La Reforma indispensable (XXXV): El último debate

Domingo, 8 de Febrero de 2015

A pesar de que sobre la cabeza de Lutero pesaban las condenas de la iglesia católica y del emperador, la opinión pública había obligado a ambas instancias a aceptar un debate con el agustino.

Para aquel esperado momento que se había hecho esperar años, Lutero se hizo acompañar por Schurf y por Amsdorf. Por su parte, el arzobispo llevó consigo a Von Ecken, el fiscal ante la dieta, y Cochlaeus, un canónigo decano de la colegiata de Frankfurt. Con el tiempo, Cochlaeus iba a convertirse en un encarnizado enemigo de Lutero, pero, como ha reconocido el erudito católico Lortz, ni siquiera este personaje en el campo papal tenía una base religiosa para enfrentarse con el monje. Desde el principio, Cochlaeus recurrió a argumentos que pueden calificarse de cualquier manera, menos de teológicos. Así, por ejemplo, aprovechando que el arzobispo estaba ausente y que había que llamarlo para que acudiera, invitó a Lutero a retractarse de sus opiniones para no arrastrar en su caída a Felipe Melanchthon y a otros muchos jóvenes en los que se había confiado para una renovación del pensamiento cristiano. El monje debió quedar afectado por aquellas palabras porque, como tendremos ocasión de ver, Cochlaeus volvería a utilizar ese argumento.

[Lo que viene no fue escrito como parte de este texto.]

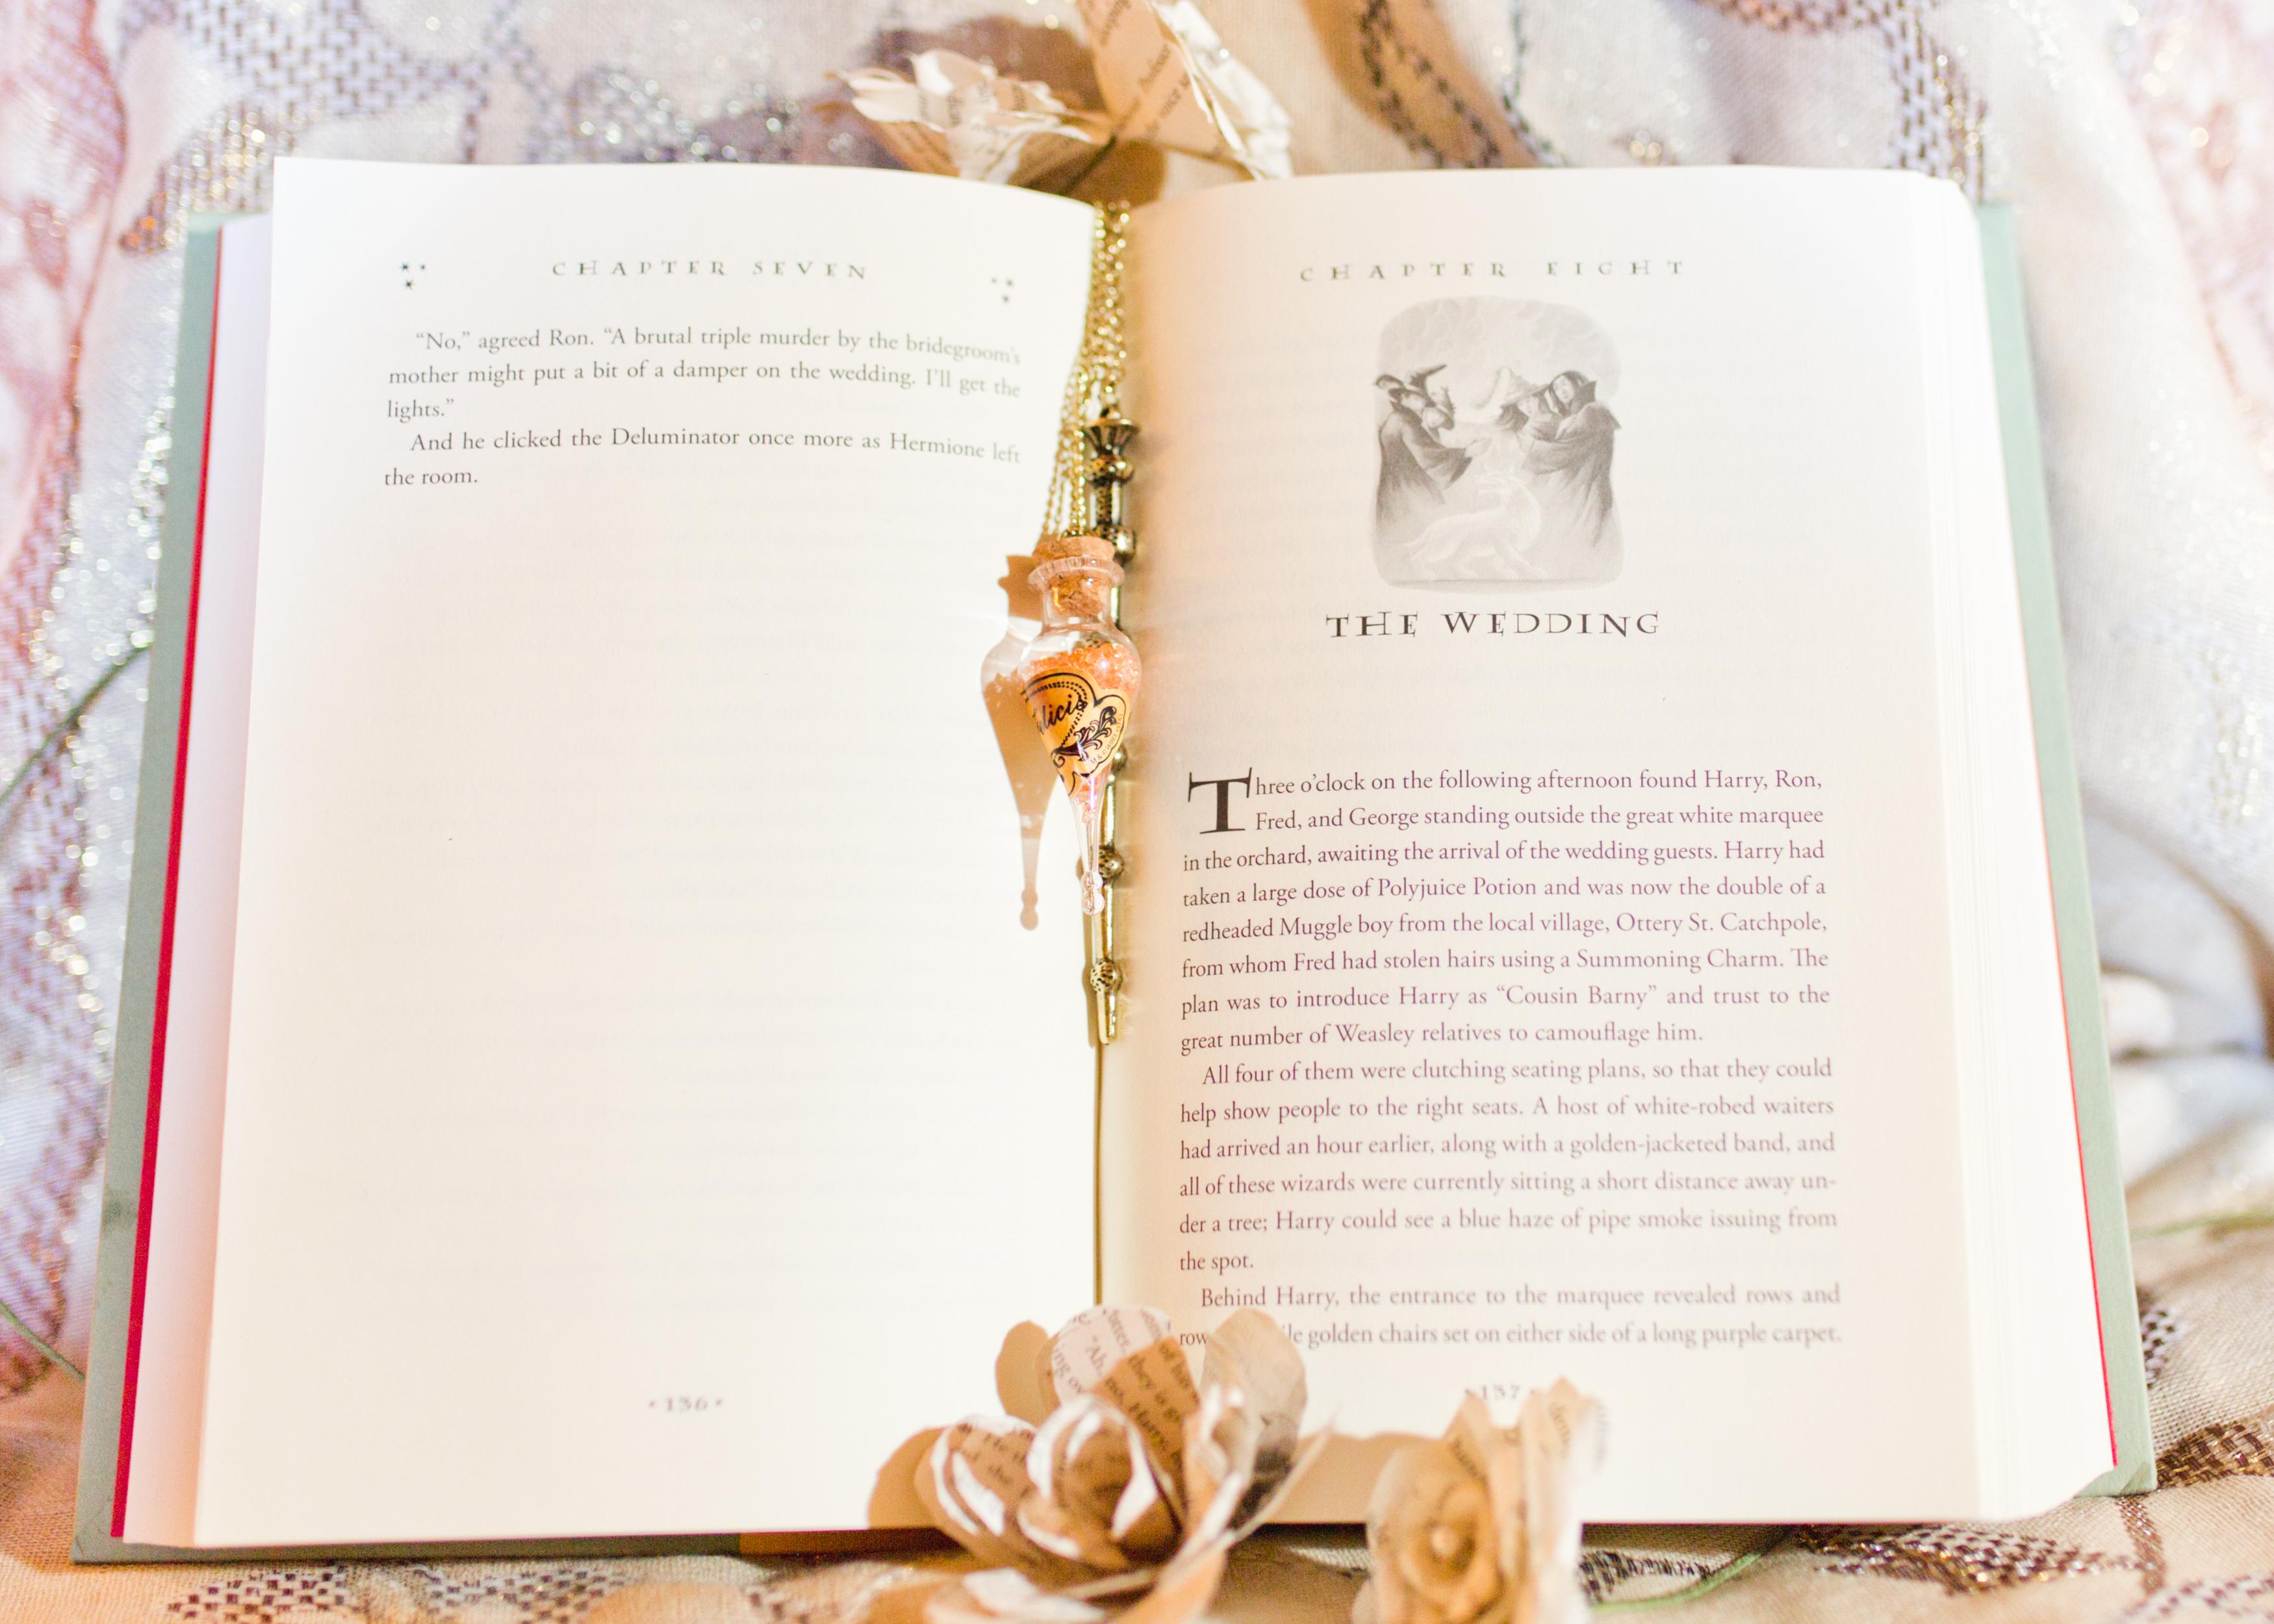 harry-potter-wedding-details-necklaces

La llegada del arzobispo permitió, finalmente, el inicio del debate. Von Ecken insistió entonces en que Lutero debía abandonar su interpretación de las Escrituras que era contraria a la de la iglesia. Semejante obstinación era la propia de los herejes. La respuesta del monje fue insistir en que tenía derecho a contradecir los decretos de los concilios. Las dos posiciones habían quedado establecidas y así la discusión continuó hasta la hora de la comida en que el arzobispo decidió interrumpirla.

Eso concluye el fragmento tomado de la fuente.